Além de atuar como professora na Apae de Içara entre 1982 e 2004, Derlei também já escreveu cinco livros. Ela soma os trabalhos “Os Jasmins do Jardim”, “No Corpo e na Alma”, “À Sombra da Figueira”, “História e Geografia de Içara” e também “Além da lenda”. Este último título foi reproduzido no Portal Canal Içara com publicações semanais dos contos do passado içarense. Derlei também fez parte de 10 obras da Academia de Letras de Criciúma.
Solteira e mãe de um filho que nasceu durante a clandestinidade na ditadura. Derlei sofreu com o regime militar. Guarda marcas no corpo e ainda tem sequelas. No tempo de estudante, fez parte da resistência. E por conhecer tão de perto este movimento é frequentemente convidada por escolas e imprensa para relatar pessoalmente sobre esta mobilização.

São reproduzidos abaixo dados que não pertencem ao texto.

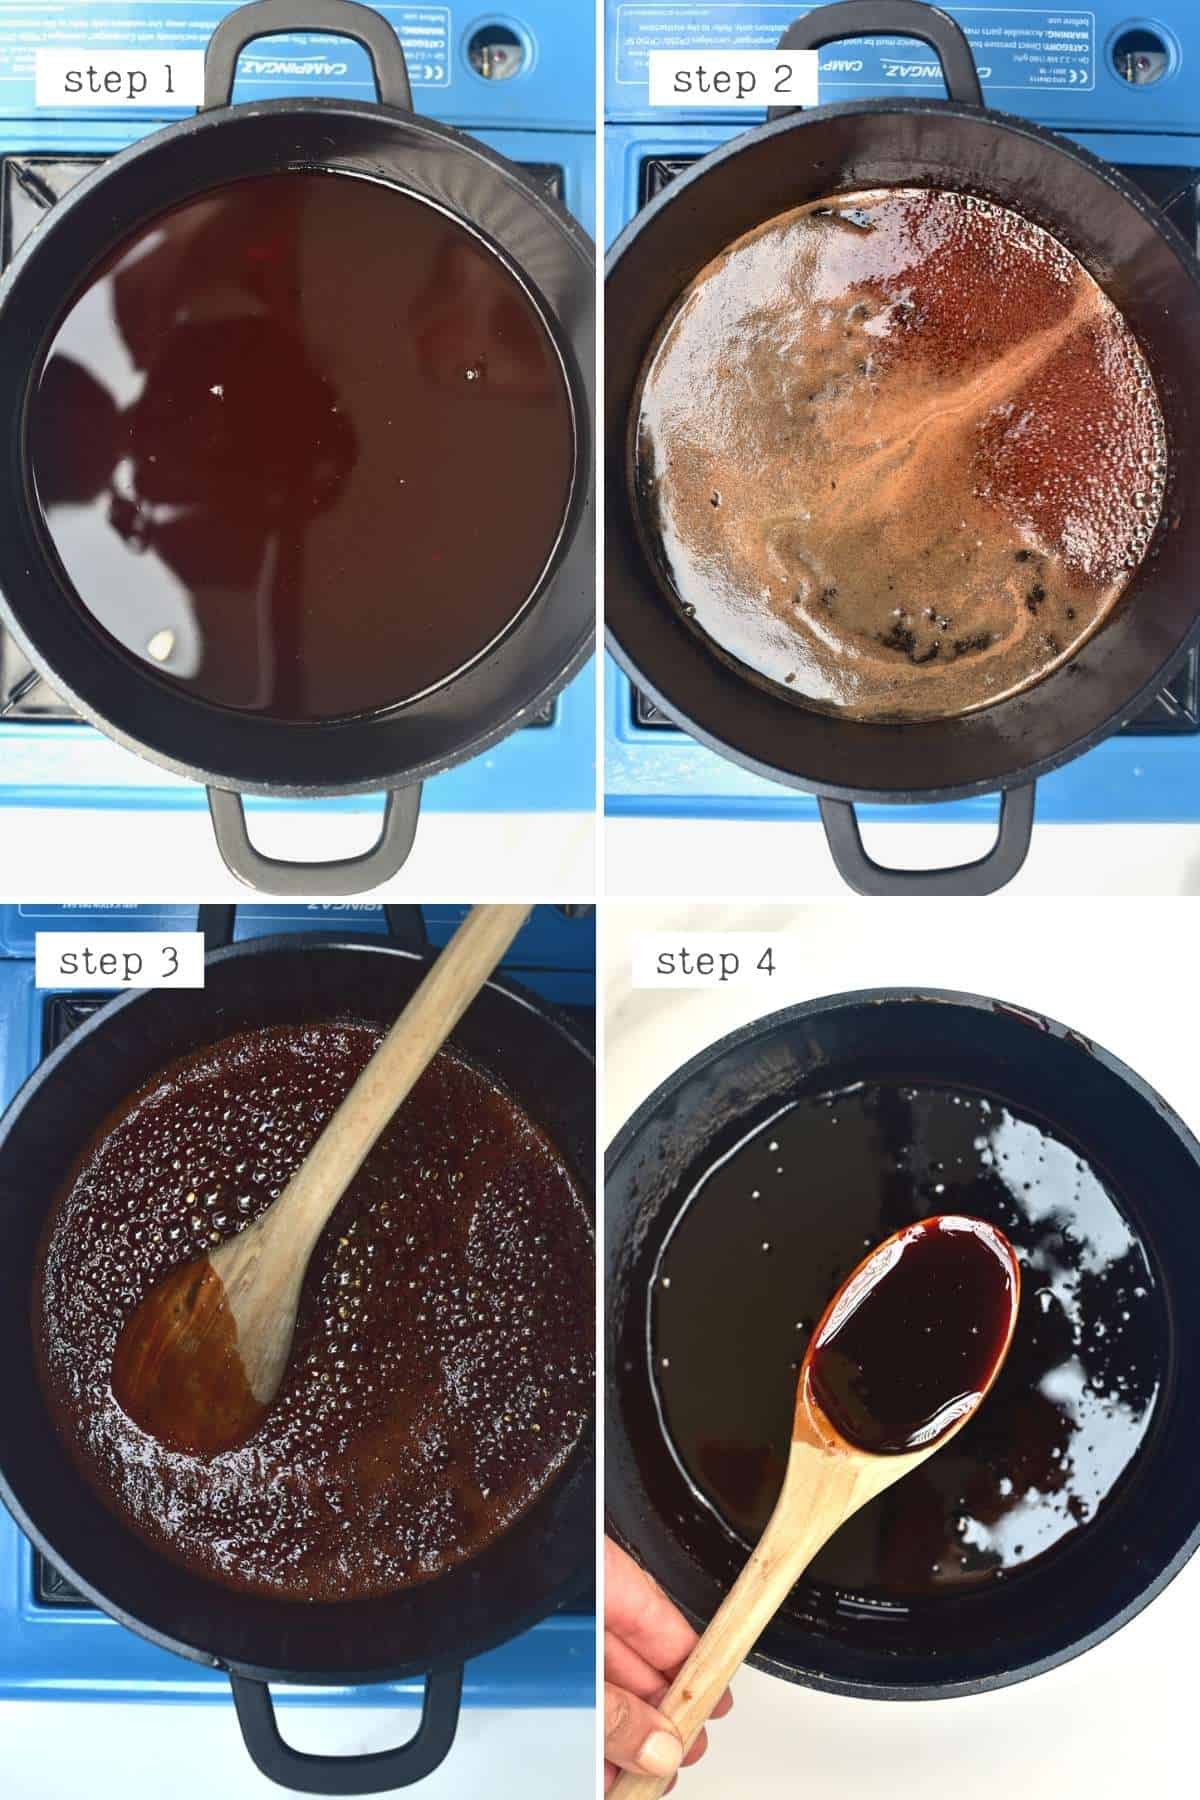 Steps for making homemade date syrup

Apesar de tantas atividades, se considera originalmente professora. Afinal, já atuou em diferentes salas de aula. Em Içara a lista inclui o Colégio Cristo Rei e a Escola Reunida do Barracão. Em Criciúma teve passagem pelo Colégio Padrão, Dimensão, São Bento e Marista. Já em Cuba ainda lecionou na Escola de Educadoras de Jardim de Infância em Santiago, além da Escola de Idiomas Abraham Lincolin em Havana. Atualmente é servidora da Assembleia Legislativa de Santa Catarina. Passa então as semanas na Capital.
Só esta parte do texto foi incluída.